In the category of non-food products, the rate of increase in the price of goods that grew in price by double digits immediately after the imposition of sanctions, such as cars, TVs, smartphones, and electric vacuum cleaners, decreased. Last week they rose in price by 0.1-3.9%, while TVs fell in price by 0.8%.
What’s next for inflation?
In March, inflation expectations of the population for the year ahead rose sharply – to a maximum over the past 11 years, informed Central Bank. The median estimate of inflation expected in the next 12 months was 18.3%.
Analysts at VTB Capital expected inflation for the week to March 25 in the range of 1.6-2.2%, which was higher than the figure recorded by Rosstat.
“The slowdown in weekly inflation by almost half is a pleasant surprise, although 1% per week is still a lot.

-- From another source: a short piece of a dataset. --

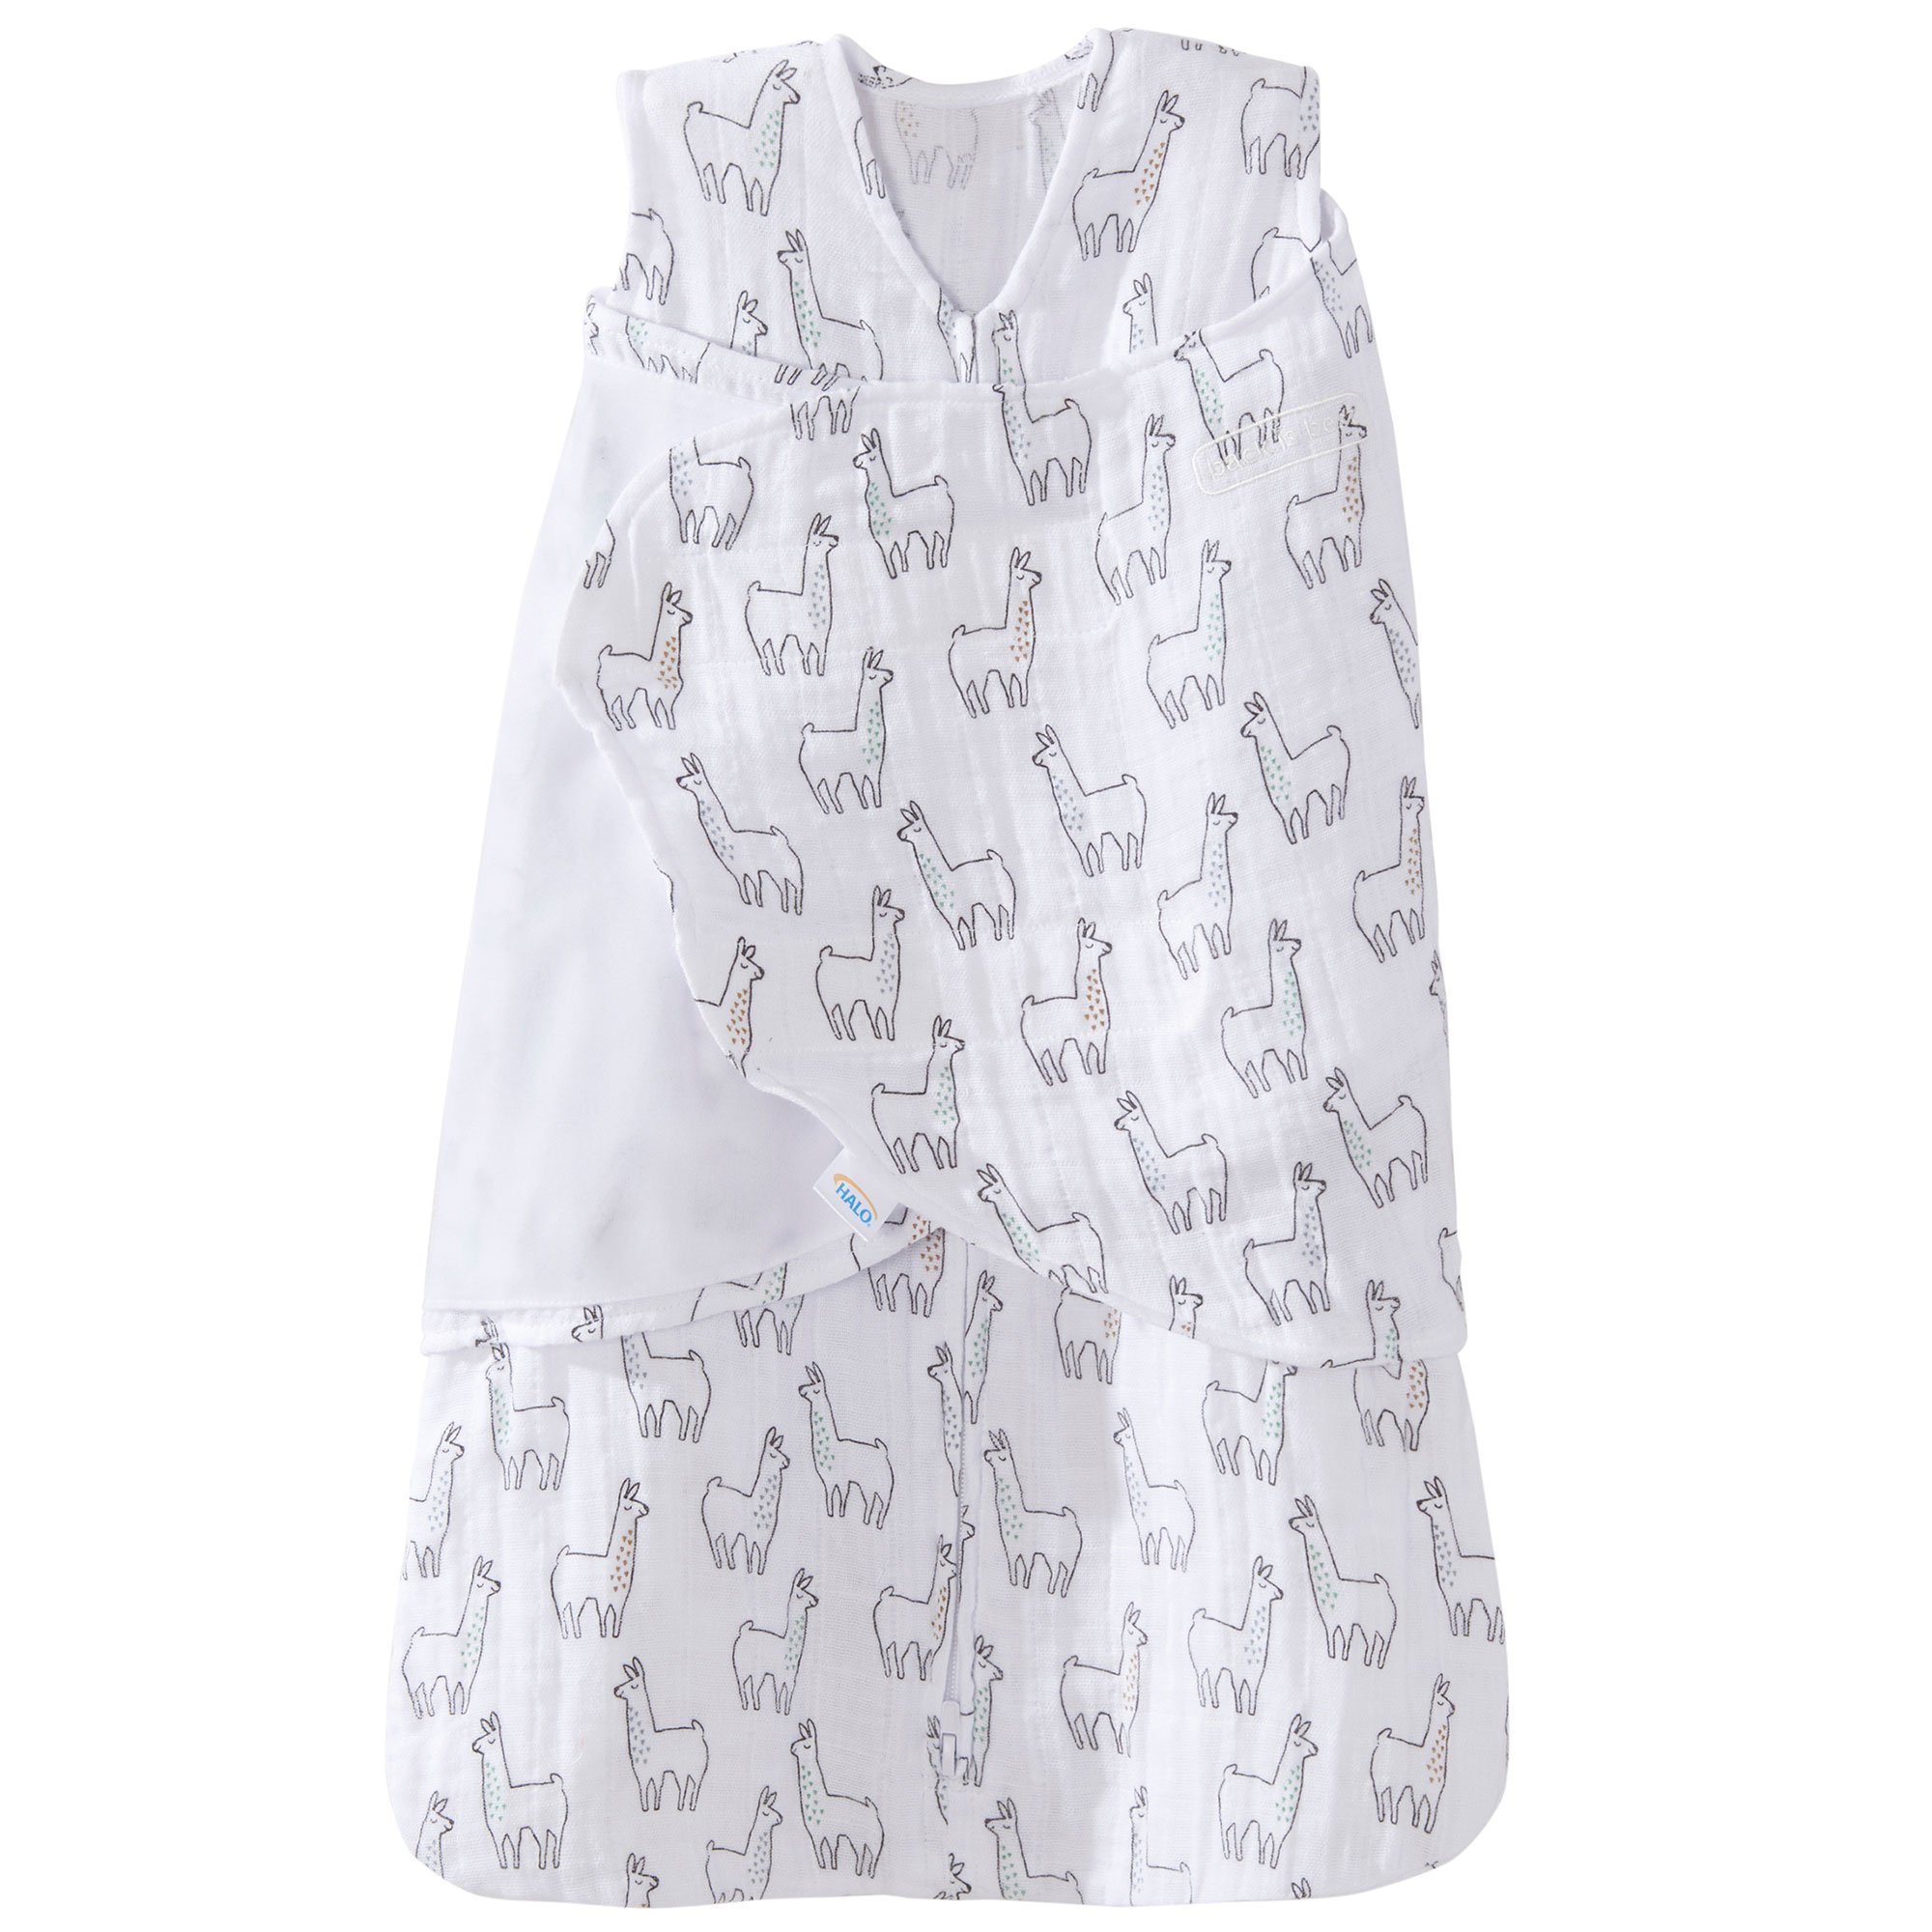 Newborn Size NB Halo Innovations HALO SleepSack Swaddle/ Cotton Lamb Scribble White

The price peak has probably been passed, but the next important question is how quickly inflation can return to more acceptable levels,” says Dmitry Polevoy, investment director at Loko Invest. The growth rate of the ruble against record lows in March will contribute to a decrease in the pace of price dynamics, he believes. In this regard, the analysts of the investment company revised their monthly inflation forecasts for March, reducing them from 7.5–10% to 8–9%. Rosstat will present monthly inflation data for March next month.
“We are still waiting for 20-25% at the end of the year, the annual rate will be high until the beginning of 2023. To predict monetary policy and understand the dynamics, you need to look at monthly indicators with the elimination of seasonality in annual terms: their noticeable decrease will be a signal for a gradual reduction in the Central Bank rate, ”adds Polevoy.
“The peak of price growth is most likely passed. The strong strengthening of the ruble will soon have a positive impact on price pressure,” agrees Mikhail Zeltser, an expert on the stock market at BCS World Investments. On the evening of March 30, the dollar on the Moscow Exchange is trading at the level of 84.4 rubles, while earlier in March the rate reached almost 120 rubles. At one of the next meetings, the Central Bank may even lower the key rate, the analyst does not exclude.